Пока Горчаков доканчивал конопатить стены, Римма переоделась в домашний халатик и принялась мыть окна, пол, посуду, поставила на треногий таганок над костром чайник. Провозились оба до темноты, и все у них ладилось, во всем они понимали друг друга с полуслова.
И ночью они хорошо понимали друг друга…
Было уже за полночь, и Римма сладко спала, легко, неслышно дыша и рассыпав по подушке свои густые волосы. Горчаков лежал с открытыми глазами, и ему все не верилось, что вот они с Риммой в своем доме… И хотя дом еще ох какой недостроенный, все же крыша над головой уже есть, и даже слышно, как по крыше накрапывает дождичек, отчетливо слышно каждую капельку.
Лежал, слушал шорох дождя и перебирал в уме, что еще нужно сделать за считанные, оставшиеся от пролетевшего отпуска, дни. Уверял себя, что сделает все это теперь один, без Лаптева, у которого и отпуск, и отгулы кончались.
Ночной дождь оказался коротким, в окна снова заструился лунный свет, и Горчаков осторожно поднялся, с нежностью посмотрел на светящееся в полумраке лицо Риммы, вышел за порог.
Его тотчас обступила лунная ночь. Свет от идеально круглого диска лился на спящую деревню. Неправдоподобно белели стволы берез на черном фоне леса. Мелодично звенели в отдалении колокольчики, и хотя Горчаков знал, что это колокольчики пасущихся за околицей лошадей, все равно не мог отделаться от ощущения, что это звенит льющийся лунный свет.
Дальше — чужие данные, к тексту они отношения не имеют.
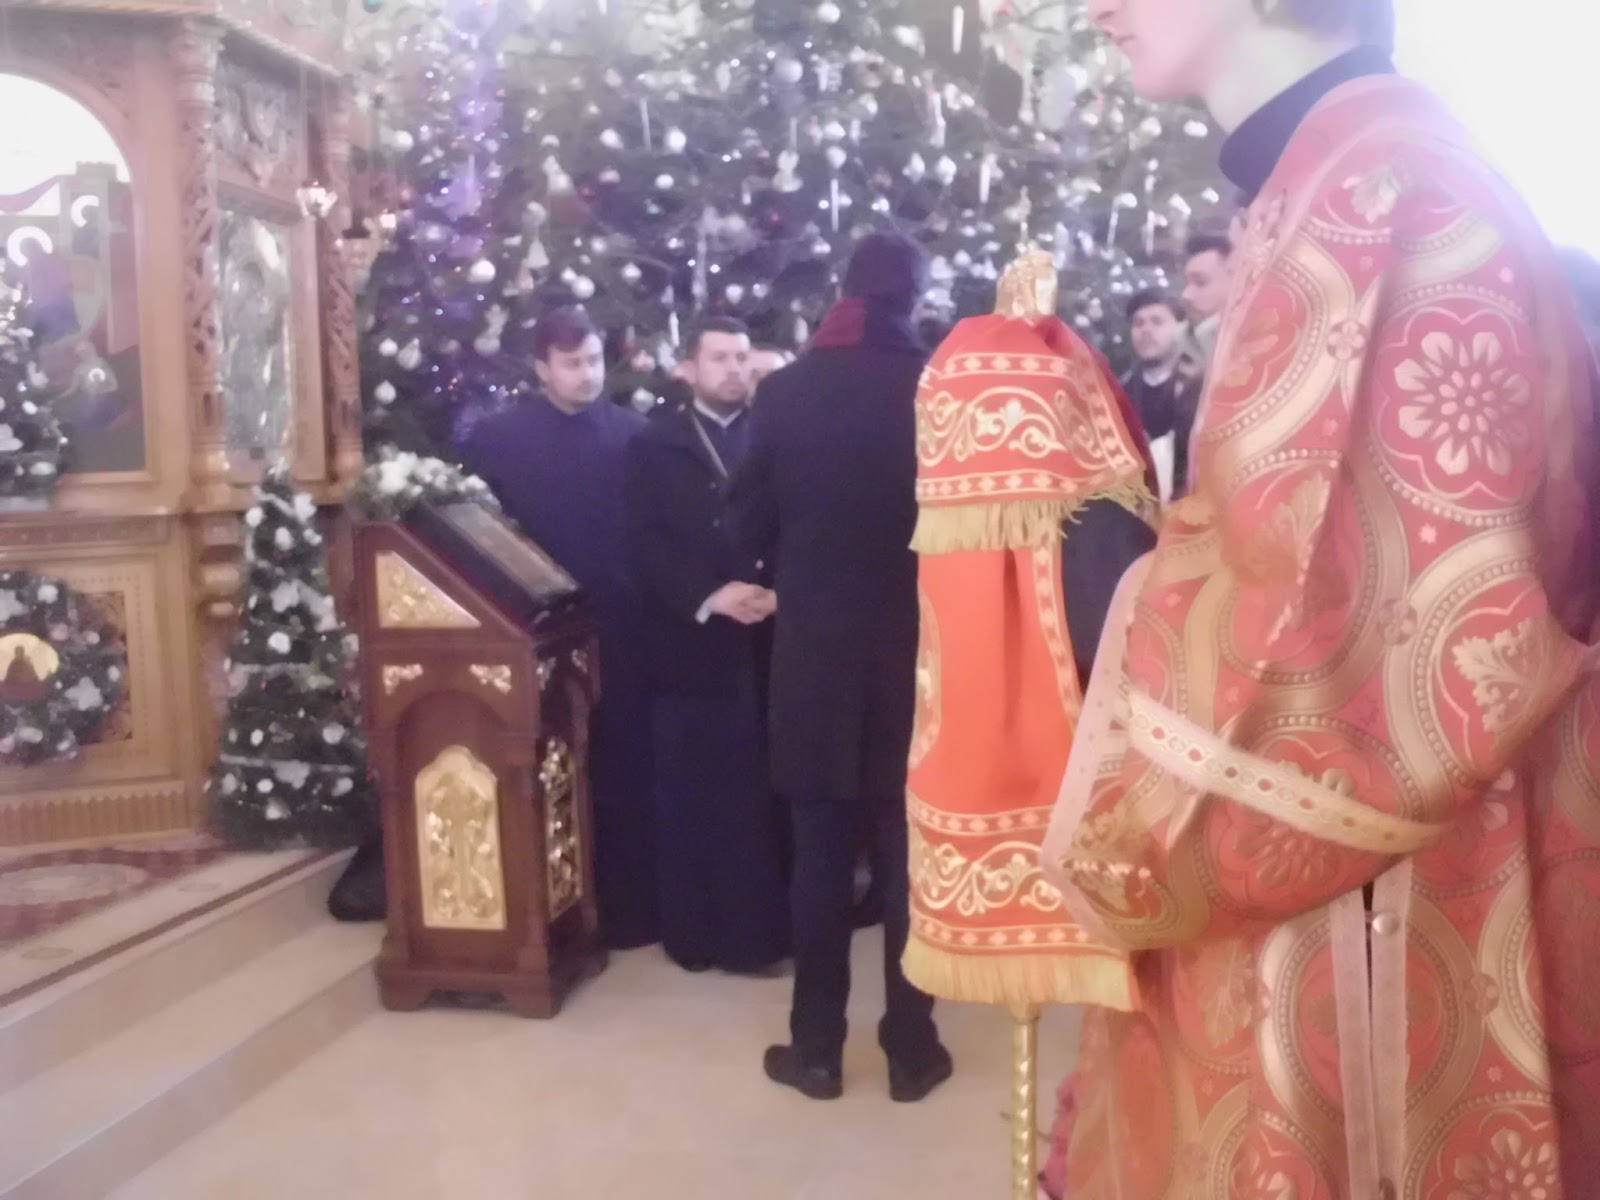 Blog Crestin Ortodox A Treia Zi De Craciun La Manastirea Boian Ianuarie

Растения и предметы, окропленные дождем, выглядели в свете луны фантастическими.
Светились, фосфоресцировали заросли укропа.
Блестела, переливалась огоньками листва берез.
Сияющие крупные капли срывались с веток и звучно щелкали, жемчужинами прыгая с листа на лист.
Перламутрово светилась мокрая мурава в переулке.
На опушке черного леса настаивался седой туман, и оттуда напахивало прохладной изморосью.
В кроне ближайшей березы, в мокрой, сверкающей листве, где–то же спрятался от капели, нашел сухое место сверчок и теперь вовсю распевал свою монотонную, будто колыбельную, песню.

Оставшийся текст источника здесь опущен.